Рейчел сказала, что иногда с возрастом люди далеко не все помнят, и это замечание возмутило ее и ранило ее чувства. Это же просто неправда. Она не всегда помнит каждую мелочь, но если уж что-то помнит, то отчетливо и во всех подробностях. А сегодня она слишком устала, чтобы о чем-нибудь думать, и даже долго не могла уснуть от усталости, хотя в конце концов, видимо, задремала, потому что Рейчел с завтраком на подносе разбудила ее сообщением, что день сегодня чудесный.
Вернувшись в комнату после умывания, она увидела, что чемоданы закрыты – значит, все в порядке. Она тревожилась, не зная наверняка, куда они едут – в Стэнмор, Хоум-Плейс, а может, еще куда-нибудь. Неизвестность так беспокоила ее, что пришлось завести расспросы.
– Полагаю, сад в Стэнморе пострадал в наше отсутствие? – спросила она у Китти, пока они сидели в гостиной внизу, а шофер укладывал багаж в автомобиль.
– Даже не знаю, дорогая. Надеюсь, новые жильцы о нем позаботятся. А нам, пожалуй, незачем приезжать туда, только чтобы посмотреть, верно?
– О нет, конечно, незачем. Он совсем не то что Хоум-Плейс. Я имею в виду сад.
– А я не дождусь, когда увижу свои розы. Распустились они или, еще лучше, только начинают. Разве это не чудесно?
Значит, все-таки в Хоум-Плейс. Она уже приезжала туда с визитом вместе с Фло, они жили в одной комнате, Фло спала у окна, потому что у нее прямо пристрастие к свежему воздуху.

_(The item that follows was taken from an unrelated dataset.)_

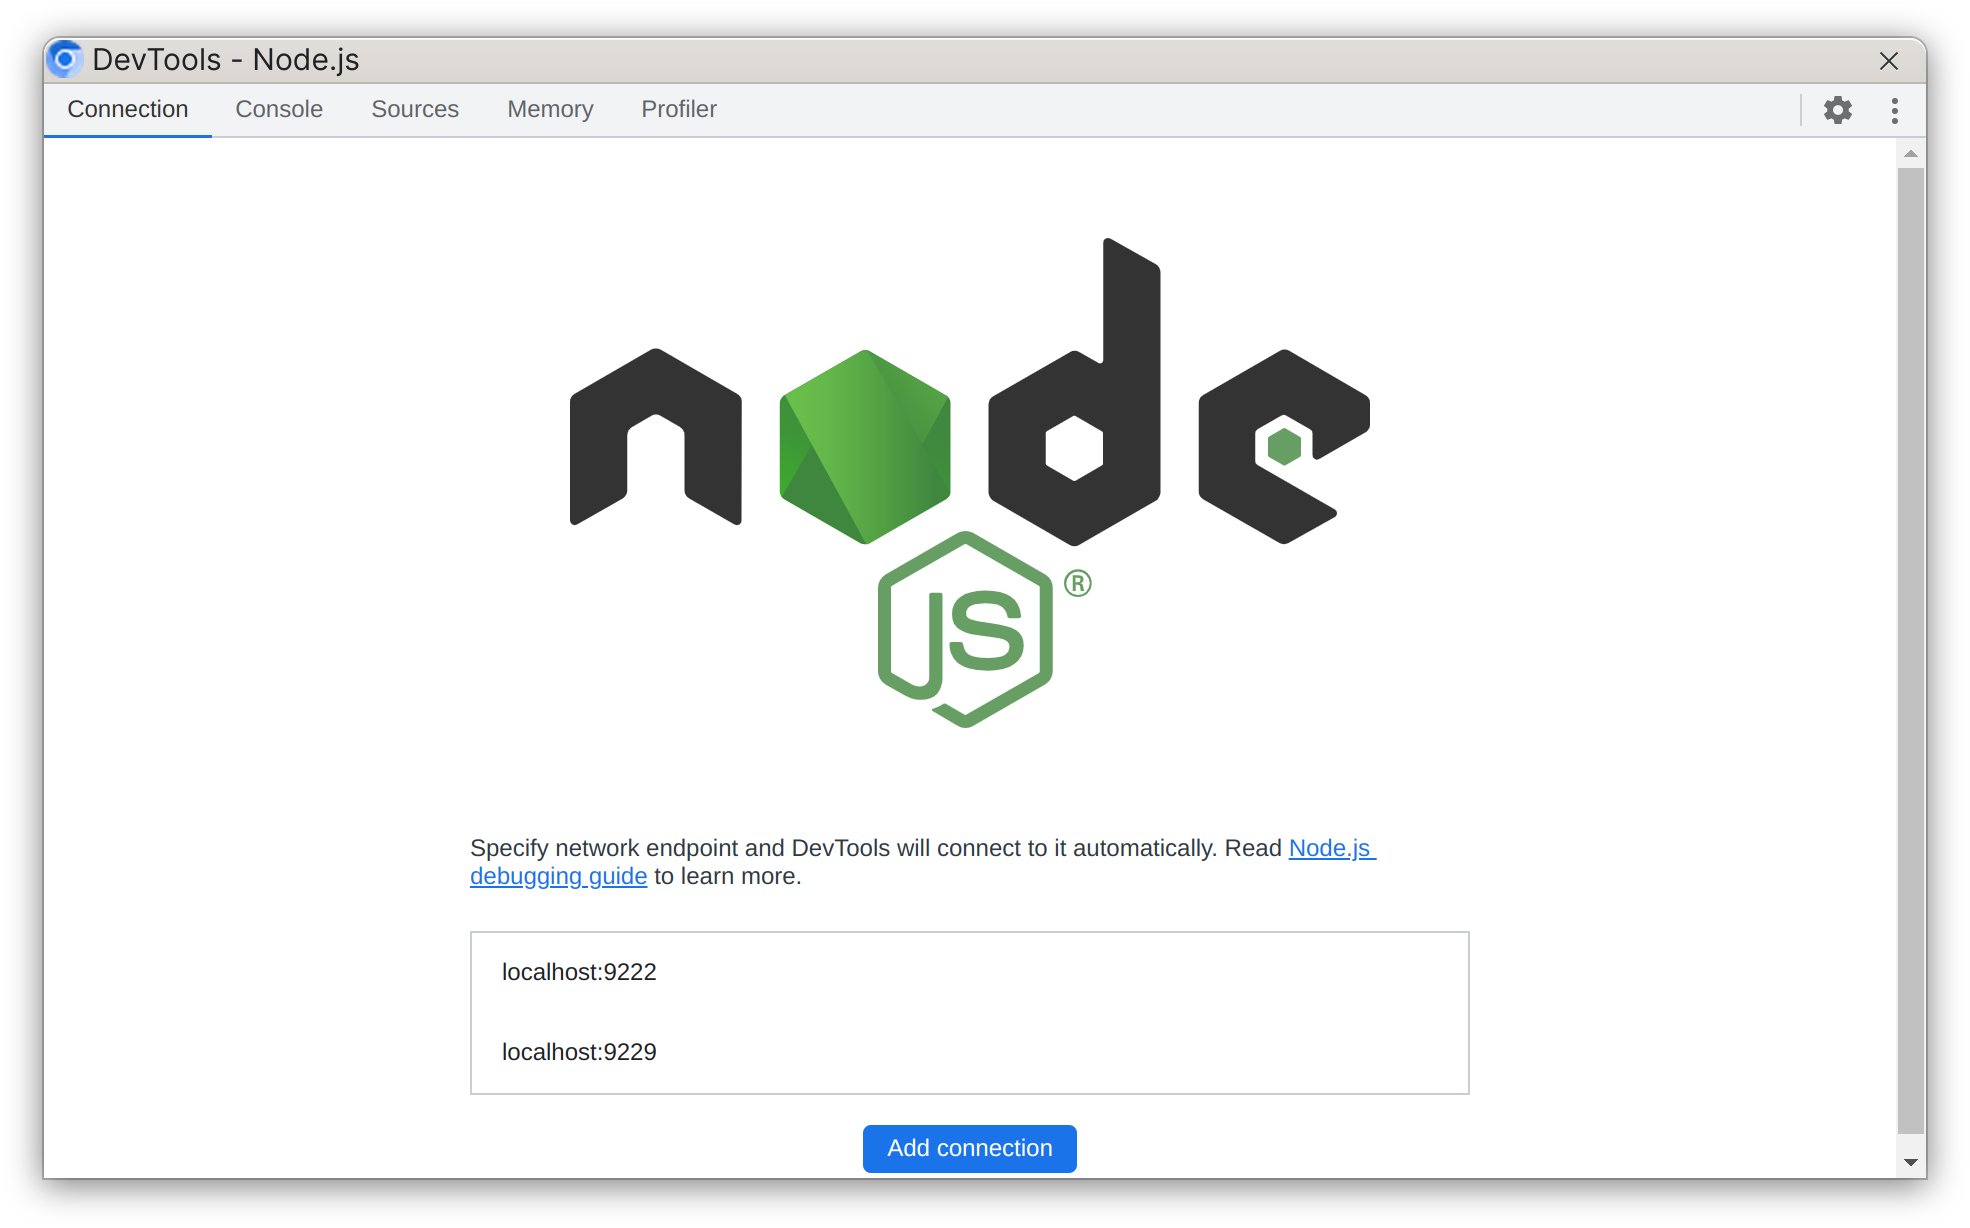 Node.js dedicated DevTools

Они уселись в автомобиль, и тут выяснилось, что Рейчел с ними не едет.
– Она отправляется на отдых вместе с Сид, – объяснила Китти, когда обе они уютно устроились на заднем сиденье. Странно, что Рейчел вообще понадобилась поездка на отдых. Вот она не ездила на отдых ни разу в жизни – если не считать единственной поездки на море в Роттиндин после того, как они с Фло переболели корью.
– В сущности, это ради поправки здоровья, – произнесла она вслух, и Китти отозвалась:
– Ну да, бедная Сид была очень больна.
На это она не ответила. Она не виновата, что Китти все путает, хотя ей-то как раз не следовало бы – ведь она на добрых два года младше ее.
А поездкой она осталась довольна. Тонбридж вел машину не слишком быстро, и как только они очутились за городом, вдоль дороги стали попадаться луга с лютиками и купырем и коттеджи в окружении цветущих садов. Китти смотрела в ее окно и то и дело что-нибудь показывала ей, но она, конечно, ничего не видела, потому что к тому времени они успевали проехать мимо, а за окном было уже что-нибудь другое. Но она притворялась, будто все видит, чтобы не портить Китти настроение. Ее муж не так давно умер, но она не особенно расстроилась; вот и еще одна причина, как ей казалось, благодарить за то, что она не вышла замуж. Странно, думала она, как часто в последнее время ей приходится делать вид – будто она слышит, что ей говорят, понимает (иногда), что за чушь они несут, чувствует себя лучше, чем на самом деле, причем почти всегда, что очки ей почти без надобности (вечно она теряла их, а спрашивать у других, не видели ли они, ей надоедало), что она прекрасно выспалась, хотя даже глаз не сомкнула, что она знакома с целыми толпами людей, приходящими навестить Китти или погостить у нее.
Разумеется, она знала, что все эти люди – члены огромной семьи, которую обрела Китти вместе с замужеством, но с точной степенью их родства затруднялась. Но хуже всего было почти постоянно притворяться, будто она не устала. Вот уж выдумки так выдумки: усталость она ощущала почти всегда и зачастую просыпалась уже уставшей. Да, и еще – делать вид, будто способна что-то переварить. Когда она была молодой, Фло говаривала, что пищеварение у нее как у коня. Причем далеко не из благих побуждений, но это бесконечно лучше, чем полное отсутствие пищеварения, а ей казалось, что именно так сейчас и обстоит дело. «Туда и дорога», – сказала она вслух, и Китти посмотрела на нее и кивнула: «Да, вот мы и едем. Деревенский воздух пойдет на пользу нам обеим».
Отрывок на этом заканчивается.